首先我们计算列表的平均值.然后,如果rand超过平均值,我们预计奖励小于1,如果rand低于平均值,则奖励高于1.平均值之间的距离rand越大,奖励增加/减少的越多.例如:
rand = 15, avg = 23 then reward = 1.25
rand = 32, avg = 23 then reward = 0.75
rand = 23, avg = 23 then reward = 1
等等.
我为此算法开发了以下代码:
import numpy as np
rollouts = np.array([])
i = 0
def modify_reward(lst, rand):
reward = 1
constant1 = 0.25
constant2 = 1
std = np.std(lst)
global avg
avg = np.mean(lst)
sub = np.subtract(avg, rand)
landa = sub / std if std != 0 else 0
coefficient = -1 + ( 2 / (1 + np.exp(-constant2 * landa)))
md_reward = reward + (reward * constant1 * coefficient)
return md_reward
while i < 100:
rand = np.random.randint(15, 33)
rollouts = np.append(rollouts, rand)
modified_reward = modify_reward(rollouts, rand)
i += 1
print([i,rand, avg, modified_reward])
# test the reward for upper bound and lower bound
rand1, rand2 = 15, 32
reward1, reward2 = modify_reward(rollouts, rand1), modify_reward(rollouts, rand2)
print(['reward for upper bound', rand1, avg, reward1])
print(['reward for lower bound', rand2, avg, reward2])
Run Code Online (Sandbox Code Playgroud)
该算法工作得很好,但如果你看下面的例子,你会发现算法的问题.
rand = 15, avg = 23.94 then reward = 1.17 # which has to be 1.25
rand = 32, avg = 23.94 then reward = 0.84 # which has to be 0.75
rand = 15, avg = 27.38 then reward = 1.15 # which has to be 1.25
rand = 32, avg = 27.38 then reward = 0.93 # which has to be 0.75
您可能已经注意到,算法不考虑avg和边界之间的距离(15,32).越avg往移动下界或上界,越modified_reward变得不平衡.

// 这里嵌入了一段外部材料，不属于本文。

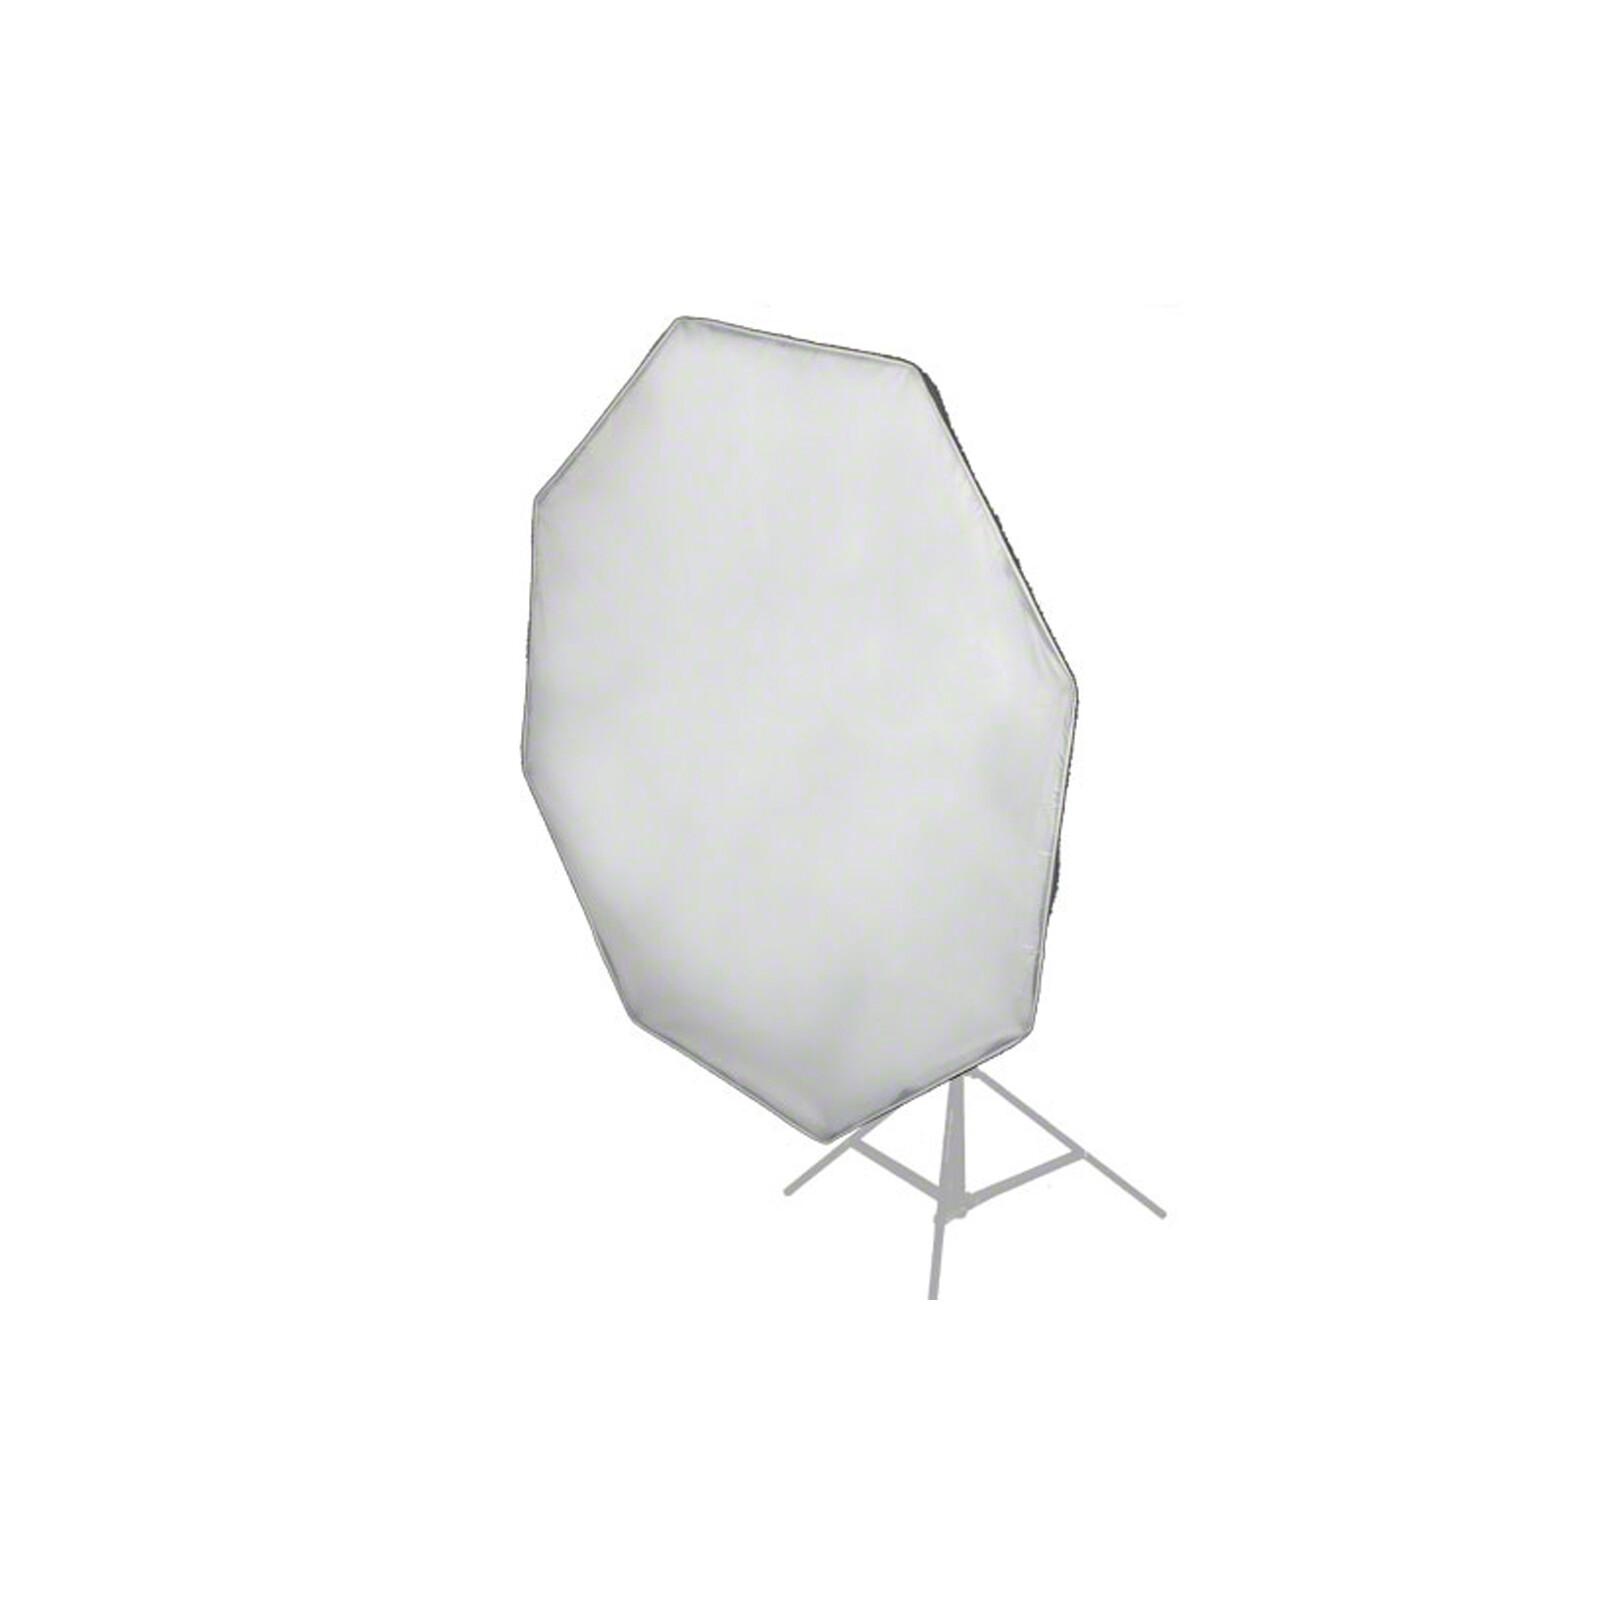 walimex pro Octagon SB Ø170cm für Multiblitz V

modified_reward无论avg向上界还是下界移动,我都需要统一分配.任何人都可以建议对此算法进行一些修改,可以考虑avg列表之间的距离和边界.
综合这两个要求:
如果
rand超过平均值,我们预计奖励小于1,如果rand小于平均值,则奖励高于1.
modified_reward无论avg向上界还是下界移动,我都需要统一分配.
有点棘手,取决于你的"统一"的意思.
如果你希望15总是得到1.25的奖励,而32总是得到0.75的奖励,你就不能有一个单一的线性关系,同时也尊重你的第一个要求.
如果你很高兴与2个线性关系,你可以瞄准所处的环境modified_reward依赖于rand这样的:
我用这个Wolfram Alpha查询生成的.正如您所看到的,这是两个线性关系,其中"膝盖"位于avg.我希望你能够毫不费力地得出每个部分的公式.
此代码实现了与从平均值到给定限制的距离成比例的线性权重分布.
import numpy as np
class Rewarder(object):
lo = 15
hi = 32
weight = 0.25
def __init__(self):
self.lst = np.array([])
def append(self, x):
self.lst = np.append(self.lst, [x])
def average(self):
return np.mean(self.lst)
def distribution(self, a, x, b):
'''
Return a number between 0 and 1 proportional to
the distance of x from a towards b.
Note: Modify this fraction if you want a normal distribution
or quadratic etc.
'''
return (x - a) / (b - a)
def reward(self, x):
avg = self.average()
if x > avg :
w = self.distribution(avg, x, self.hi)
else:
w = - self.distribution(avg, x, self.lo)
return 1 - self.weight * w
rollouts = Rewarder()
rollouts.append(23)
print rollouts.reward(15)
print rollouts.reward(32)
print rollouts.reward(23)
Run Code Online (Sandbox Code Playgroud)
生产:
1.25
0.75
1.0
Run Code Online (Sandbox Code Playgroud)
您的问题中的代码似乎正在使用np.std我认为是尝试获得正常分布.请记住,正态分布实际上从未实现为零.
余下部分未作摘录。